Ferdinand SAMBA, journaliste,

Directeur de Publication du quotidien "LE DEMOCRATE"

 

Depuis le week-end dernier, Centrafrique-Presse a pris l’initiative de faire signer en ligne une pétition pour exiger la libération de Ferdinand Samba journaliste et Directeur de Publication du quotidien « LE DEMOCRATE », arbitrairement condamné à 10 mois d’emprisonnement ferme et 11 millions de F CFA d’amendes à verser à celui-là même qui l’a poursuivi pour « diffamation » en l’occurrence, le demi-dieu de Bangui et l’argentier de Bozizé, son ministre d’Etat aux finances et au budget, Sylvain Ndoutingaï.  

Par cette pétition, le groupe Centrafrique-Presse entendait dénoncer et condamner les nombreuses et régulières atteintes à la liberté d’expression et de la presse en République centrafricaine et la traque des journalistes, particulièrement ceux du privé indépendant, par le régime dictatorial de Bozizé, Findiro et Ndoutingaï.

Malheureusement force est de constater que parmi les premiers signataires déjà enregistrés en quelques jours, peu de journalistes et responsables de la presse indépendante et privée centrafricaine en font partie.

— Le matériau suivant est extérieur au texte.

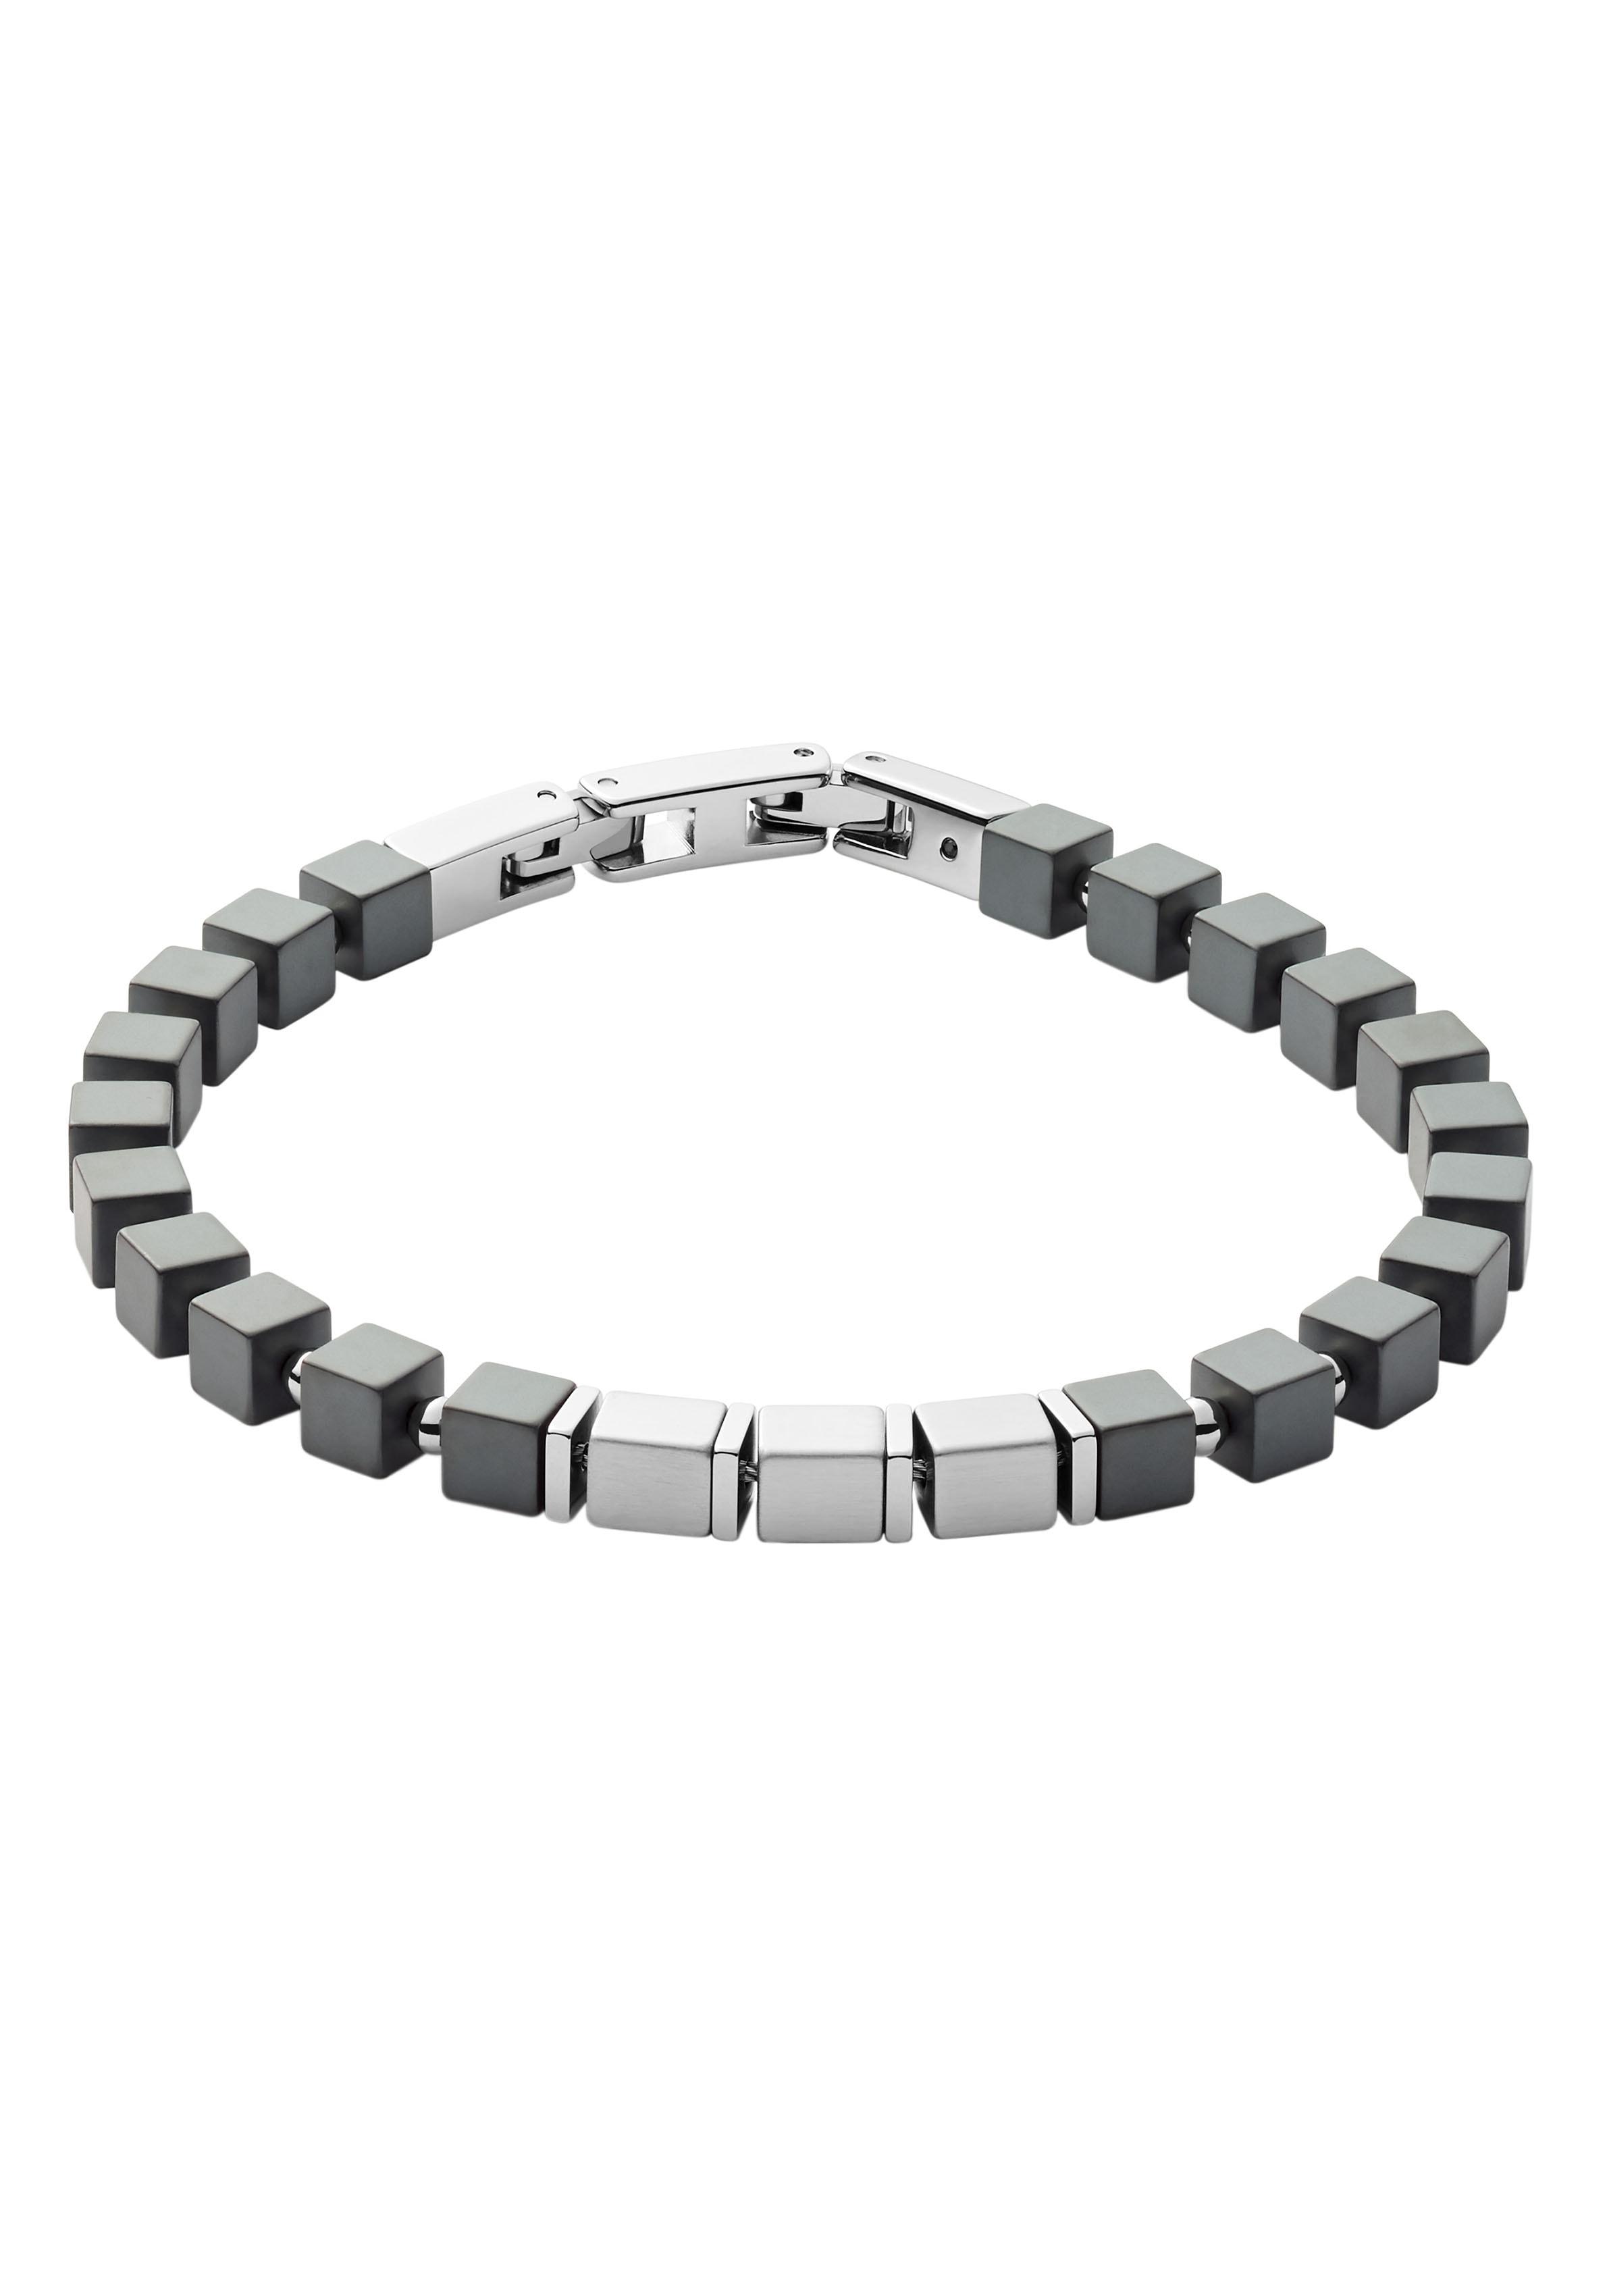 skagen -  Armband MIKAEL, SKJM0177040, Hämatit

Que craignent-ils eux dont les noms figurent déjà sur la black liste des ennemis de la liberté et de la démocratie actuellement au pouvoir en Centrafrique ?

De même, on n’y voit pas encore les noms de certains compatriotes qui aiment qu’on les prenne pour des démocrates avec une grande fibre patriotique et toujours prompts à formuler souvent des critiques véhémentes contre l’opposition.   

Plus nous serons nombreux à signer, plus fort sera le message qui sera ainsi délivré à Bozizé et sa clique pour qu’ils comprennent qu’ils ne doivent pas jouer ainsi avec les libertés en Centrafrique et surtout celle de la presse dont ils prétendent avoir dépénalisé les délits.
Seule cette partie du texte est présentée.